= Dave Meslin =

Community organizer and activist in Toronto

David Meslin is a Canadian community organizer and activist. Originally living and active in Toronto he's now living in Grey Highlands, Ontario.

== Life and career ==
Meslin is the founder of the Toronto Public Space Committee, Cycle Toronto (formerly the Toronto Cyclists Union), City Idol, the Ranked Ballot Initiative of Toronto, and the magazine Spacing.

At TedxToronto 2010, he presented "The antidote to apathy", a TED (conference) talk on barriers that keep us from taking part in our communities. He delivered the convocation address at Carleton College in 2012.

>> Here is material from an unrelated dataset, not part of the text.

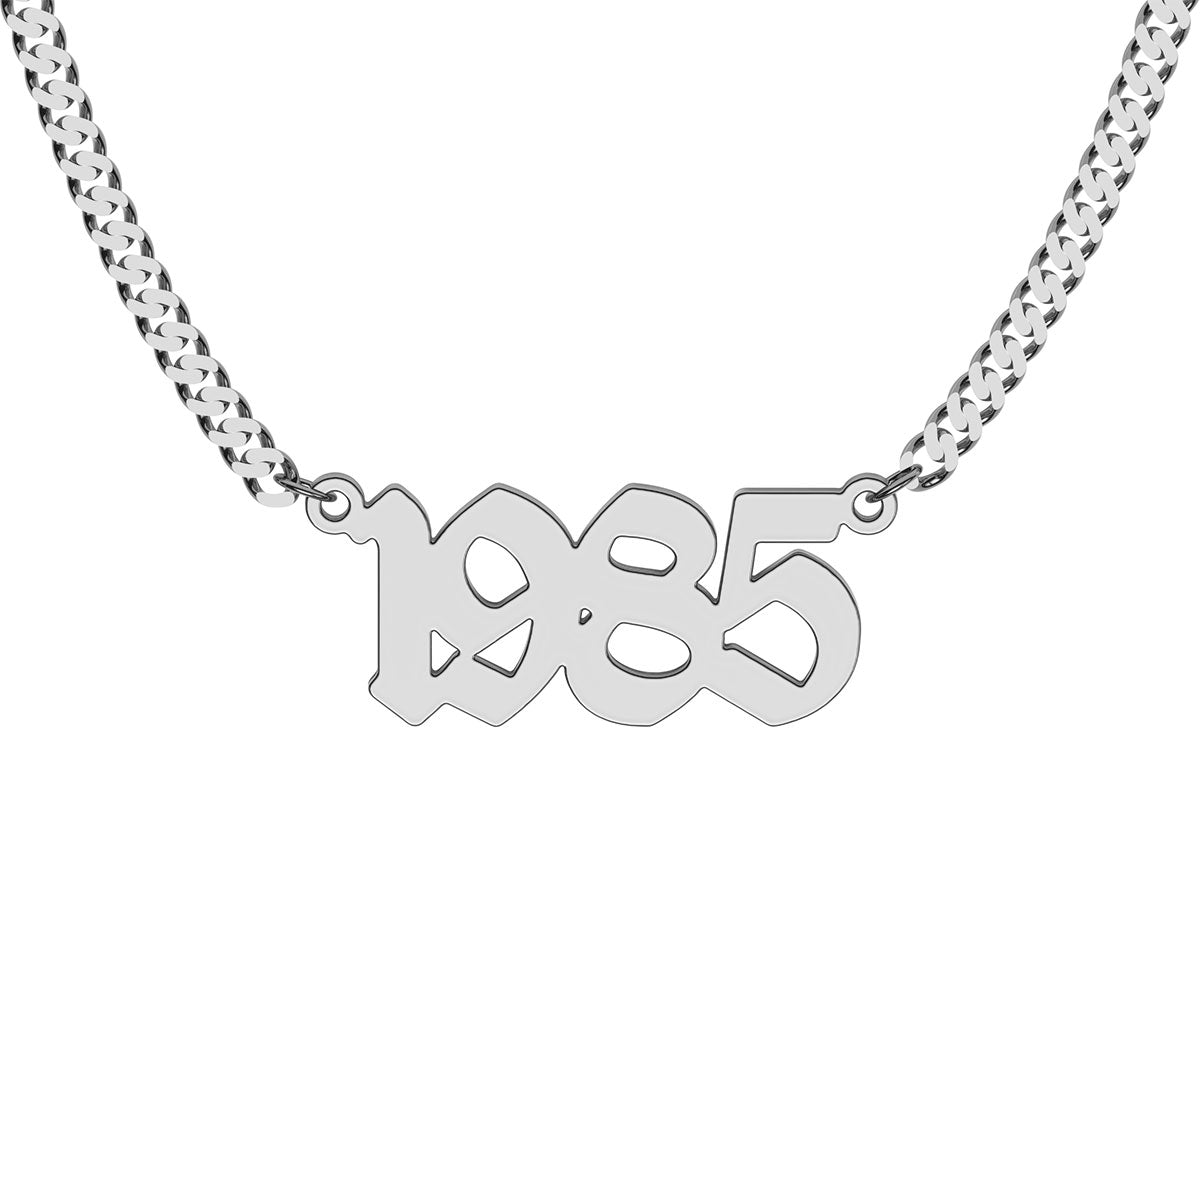 Personalized Year Necklace in Bold Gothic Font
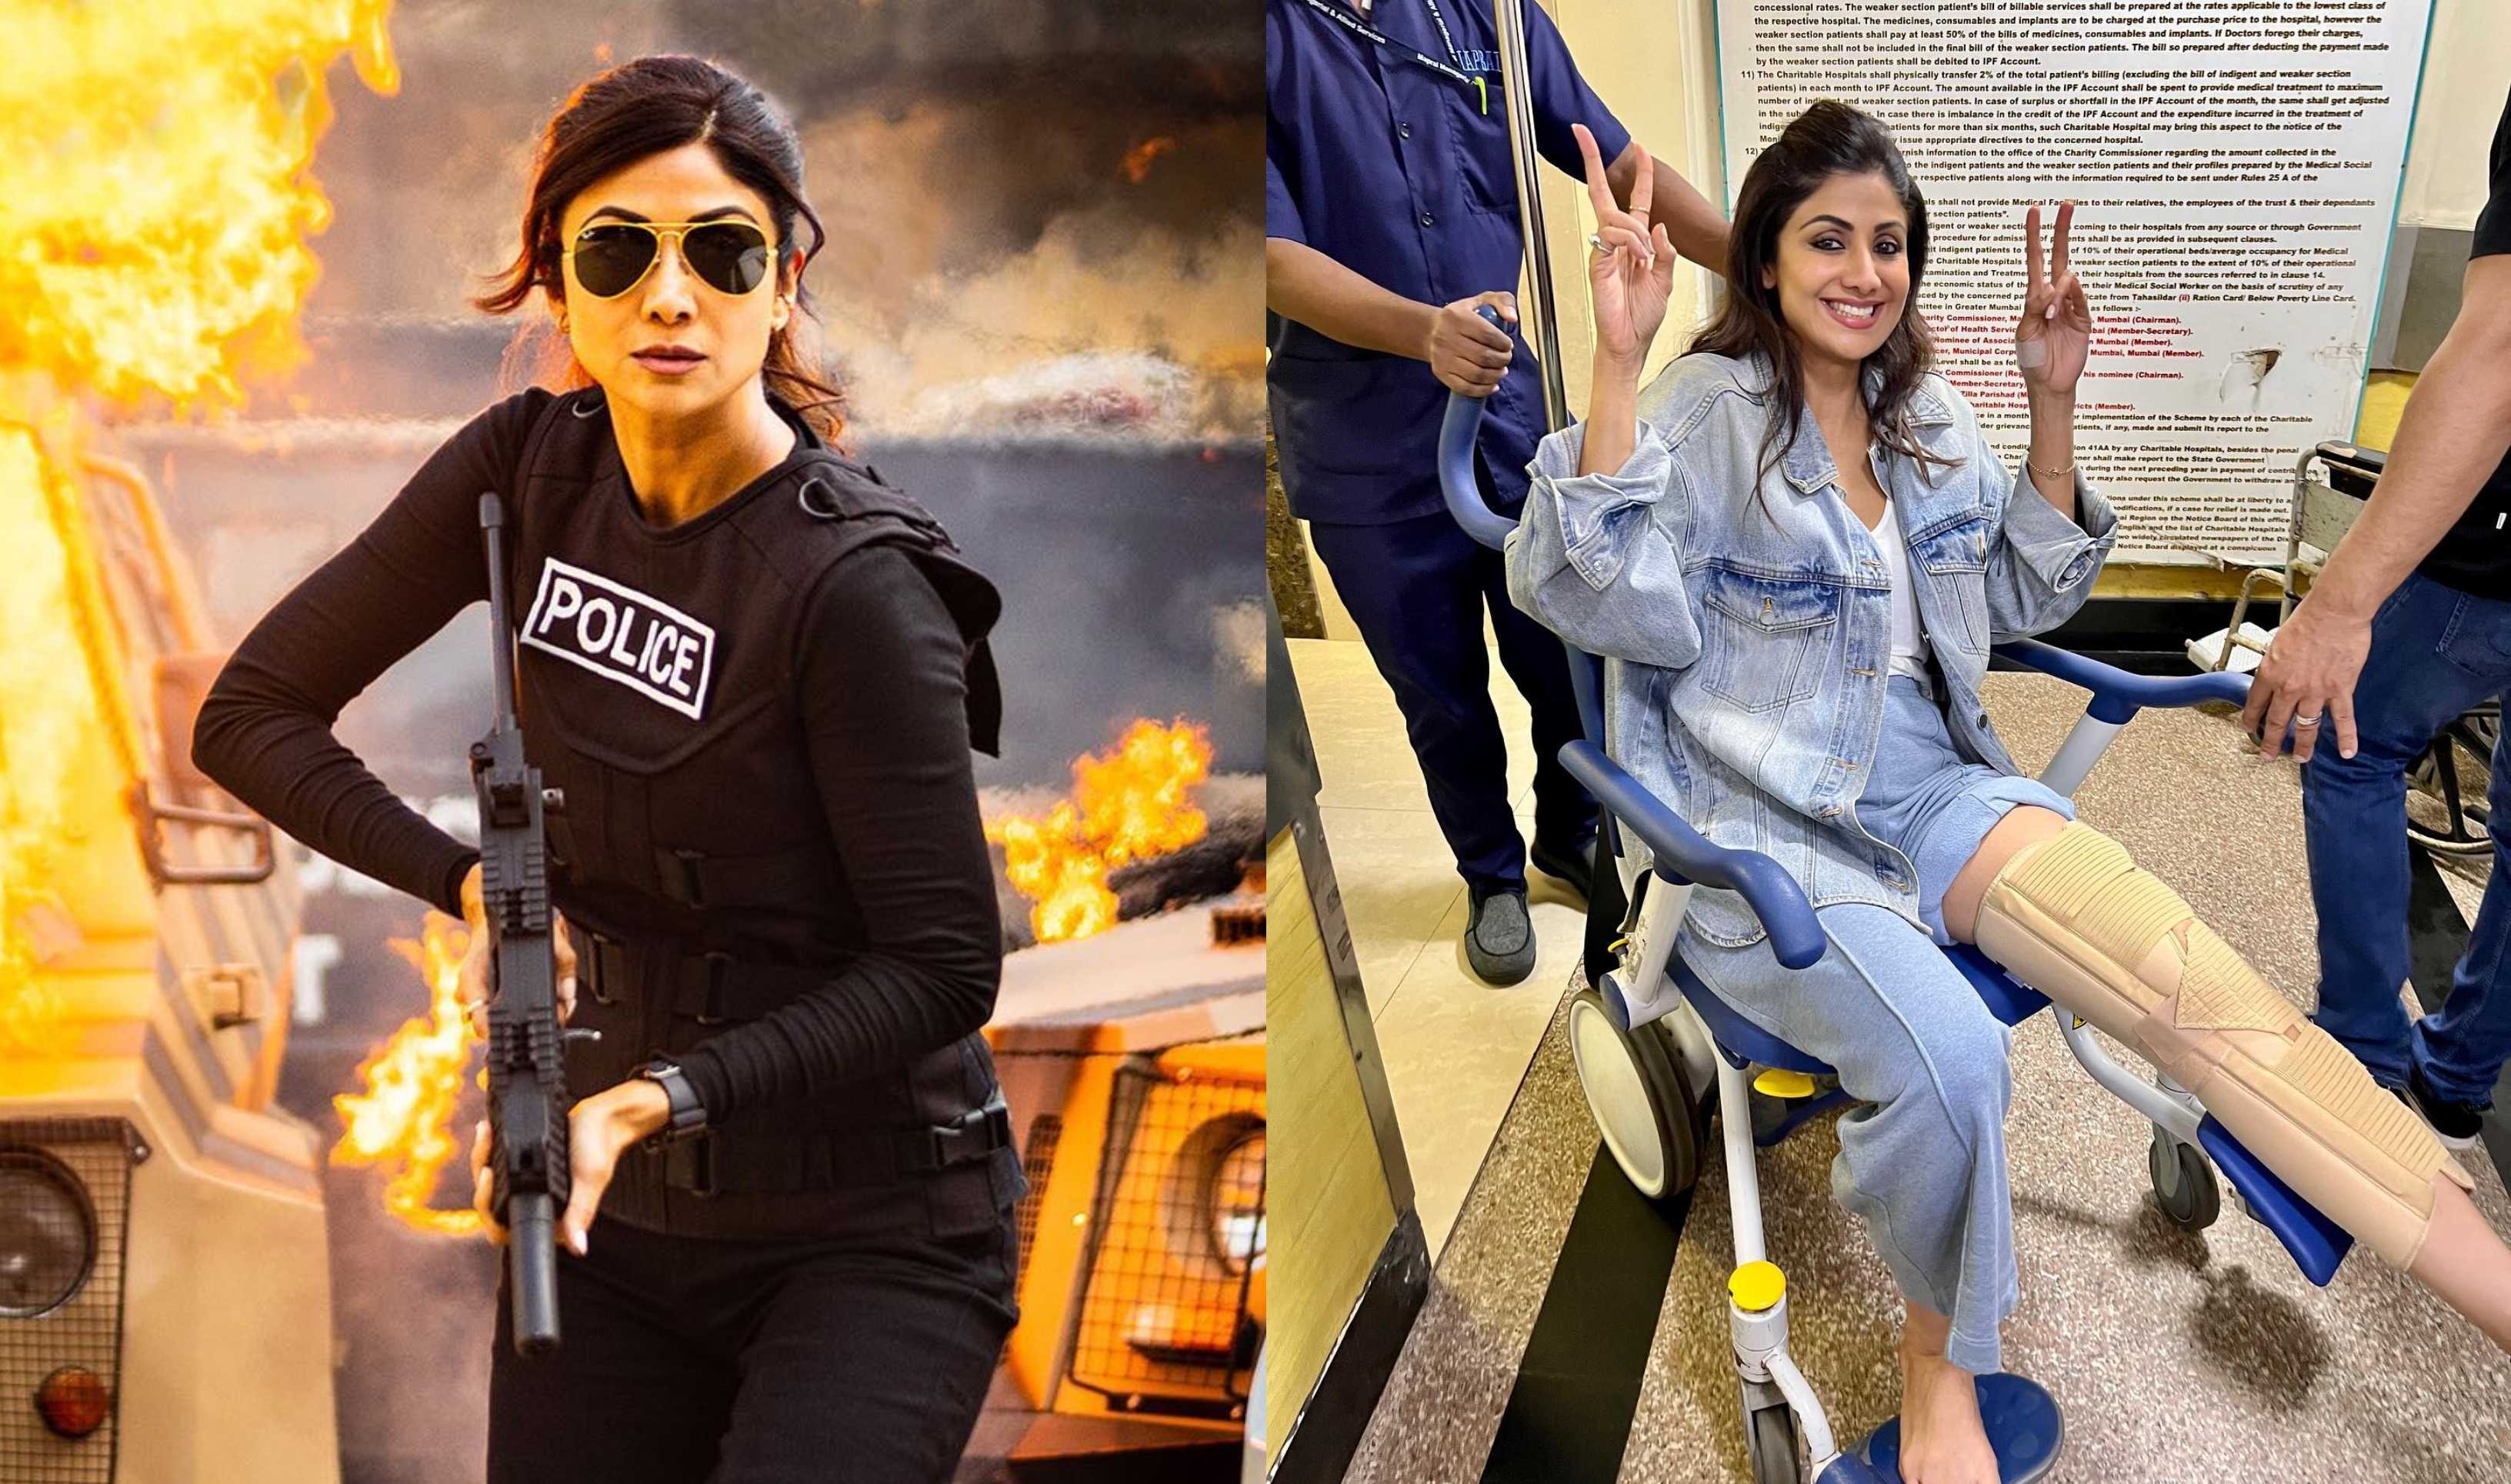 Shilpa Shetty injured while shooting action scenes for Rohit Shetty’s Indian Police Force; smiles through the pain

In 2019, Meslin published the book Teardown: Rebuilding Democracy from the Ground Up. A review in the Literary Review of Canada by David Berlin described the book as "a primer best suited for the activist at heart."

In 2022, he was the subject of the documentary The Billboard Squad focusing on a 15 year campaign against illegal billboard signs in Toronto ‘corporate garbage’.

In 2024 he hosted Unrigged, a six-episode TVO documentary series produced by Moi & Dave, based on Teardown which profiled various new innovations in democratic politics and governance. The series received a Canadian Screen Award nomination for Best Political News Program or Series at the 13th Canadian Screen Awards in 2025.